Discovery of LSD´s psychedelic properties

It would take another five years before the psychedelic properties of LSD were discovered, and it happened by accident. In April 1943, Hofmann decided to revisit his old discovery – the lysergic acid diethylamide – and carry out more research on it. As he was making a new batch on April 19, he accidentally ingested a small amount of it and began experiencing restlessness and slight dizziness. After going home and laying down, the chemist “…sank into a not unpleasant intoxicated-like condition, characterized by an extremely stimulated imagination. In a dreamlike state, with eyes closed (I found the daylight to be unpleasantly glaring), I perceived an uninterrupted stream of fantastic pictures, extraordinary shapes with intense, kaleidoscopic play of colors. After about two hours this condition faded away.”

First deliberate ingestion

Just a few days later, on April 19, Hofmann deliberately ingested LSD to study its effects. He chose to administer 0.25 milligrams as he predicted that it was the threshold dose, based on his knowledge of other ergot alkaloids. (Later, the threshold dose for LSD was shown to be much lower, just 0.02 milligrams.)

Within an hour of ingesting 0.25 milligrams of LSD, Hoffman experienced sudden and intense changes in perception. He asked his laboratory assistant to escort him home, and they biked from the lab to Hoffman´s house. During that bike ride, Hoffman experienced anxiety, feared that the LSD had poisoned him and that he was going insane, and suspected that his next-door neighbor was an evil witch.

A medical doctor was sent for, but found no physical abnormalities with the patient except very dilated pupils. This calmed Hoffman, and his anxiety gave way to feelings of good fortune and enjoyment.

Later, he would write about the experience, explaining how “… Little by little I could begin to enjoy the unprecedented colors and plays of shapes that persisted behind my closed eyes. Kaleidoscopic, fantastic images surged in on me, alternating, variegated, opening and then closing themselves in circles and spirals, exploding in colored fountains, rearranging and hybridizing themselves in constant flux …”
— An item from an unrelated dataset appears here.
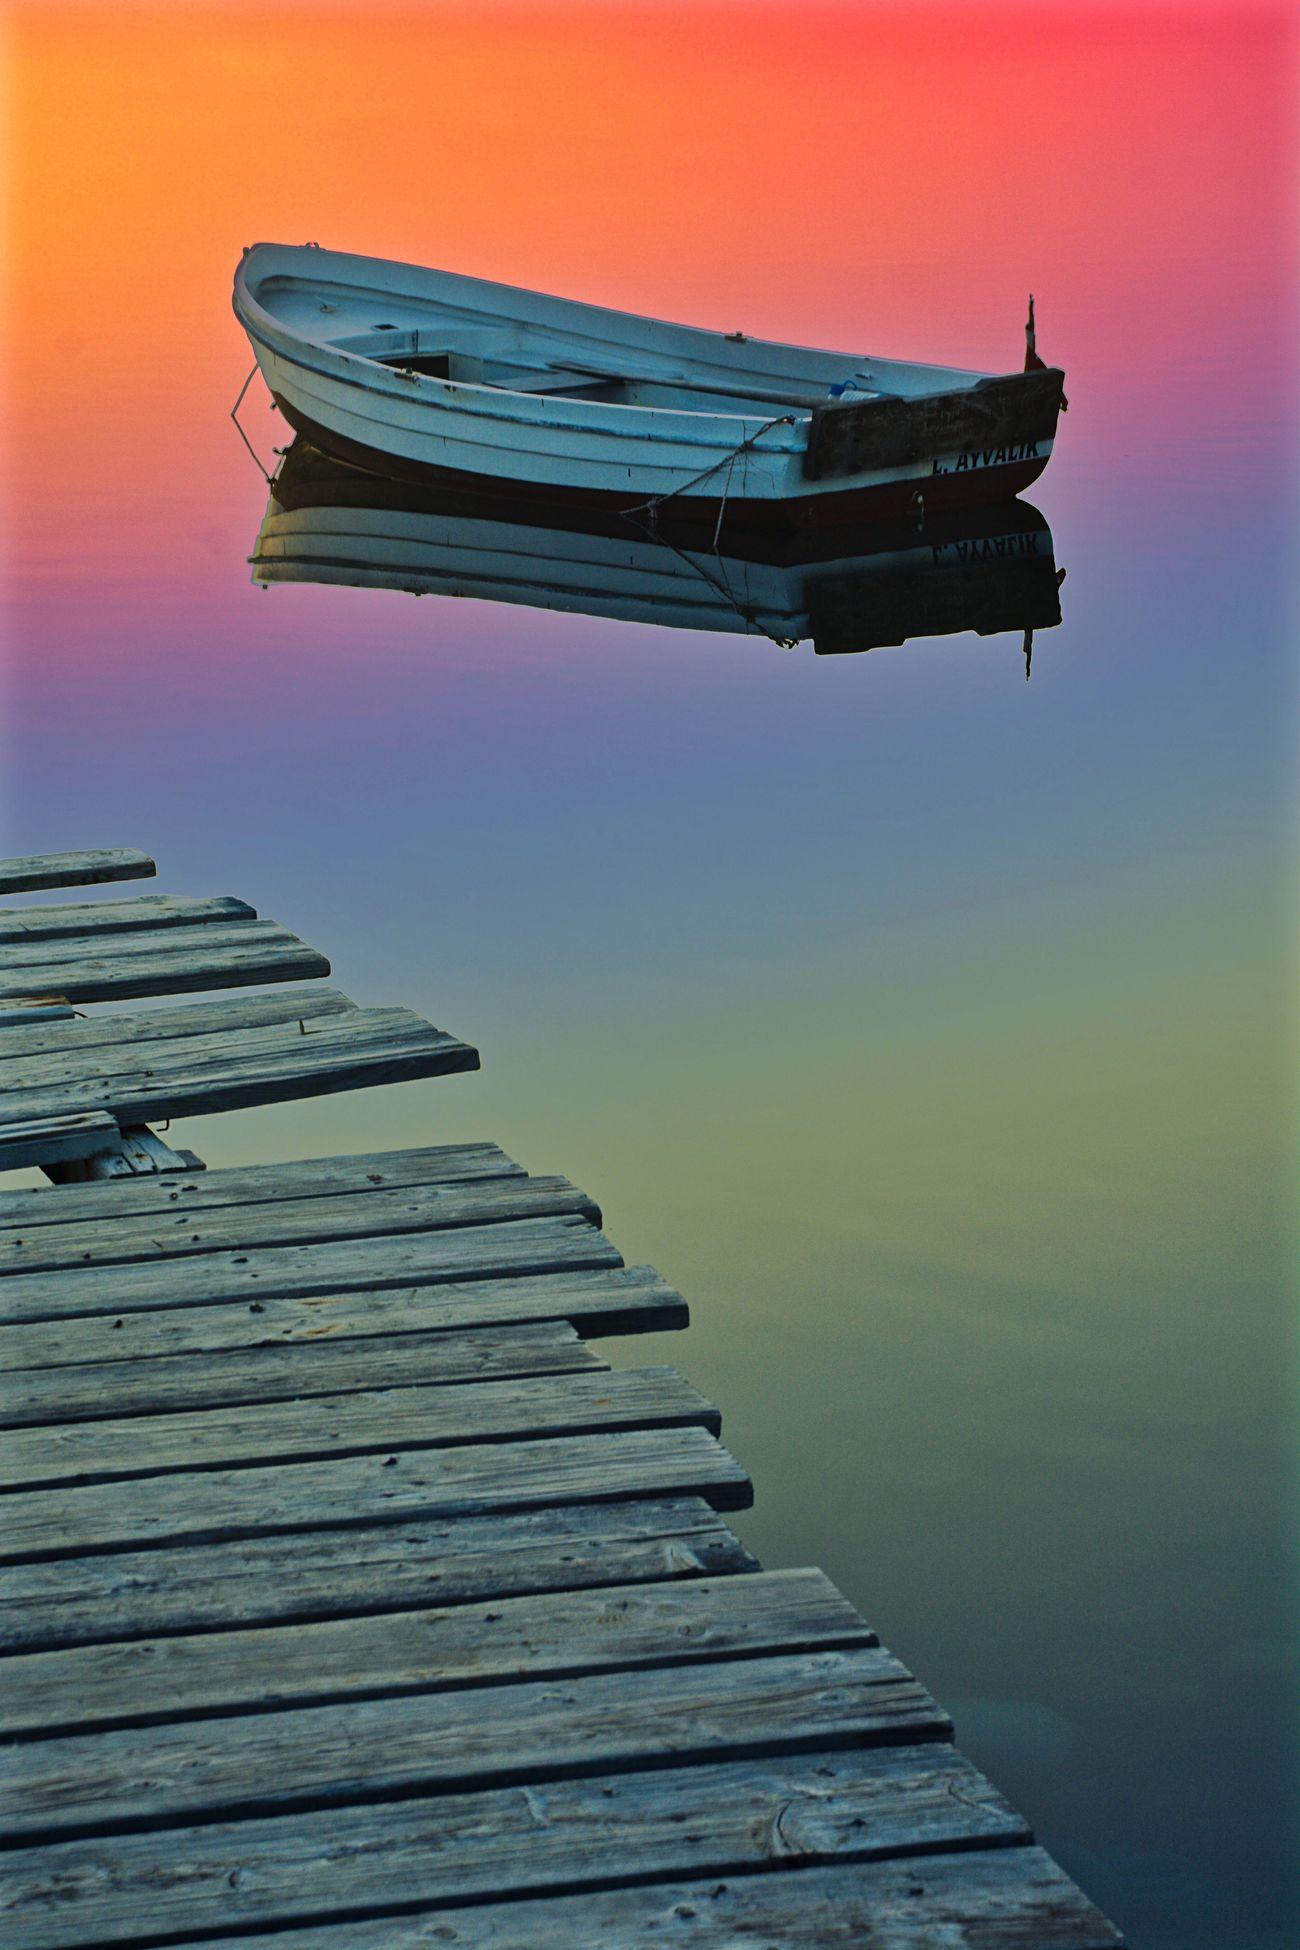 Phosphorescence Phosphorescence In The Sea. Boats Boat Pier Summer Summertime First Eyeem Photo EyeEm

After this experience, it was clear to Hoffman that he had discovered a very potent psychoactive substance that, even in incredibly small doses, was capable of shifting a person´s perception of reality. He predicted that LSD would be used as a psychiatric tool.

By 1947, Sandoz Laboratories launched LSD as a psychiatric drug and marketed it as a panacea helpful in the treatment of anything from schizophrenia to alcoholism and criminal behaviour.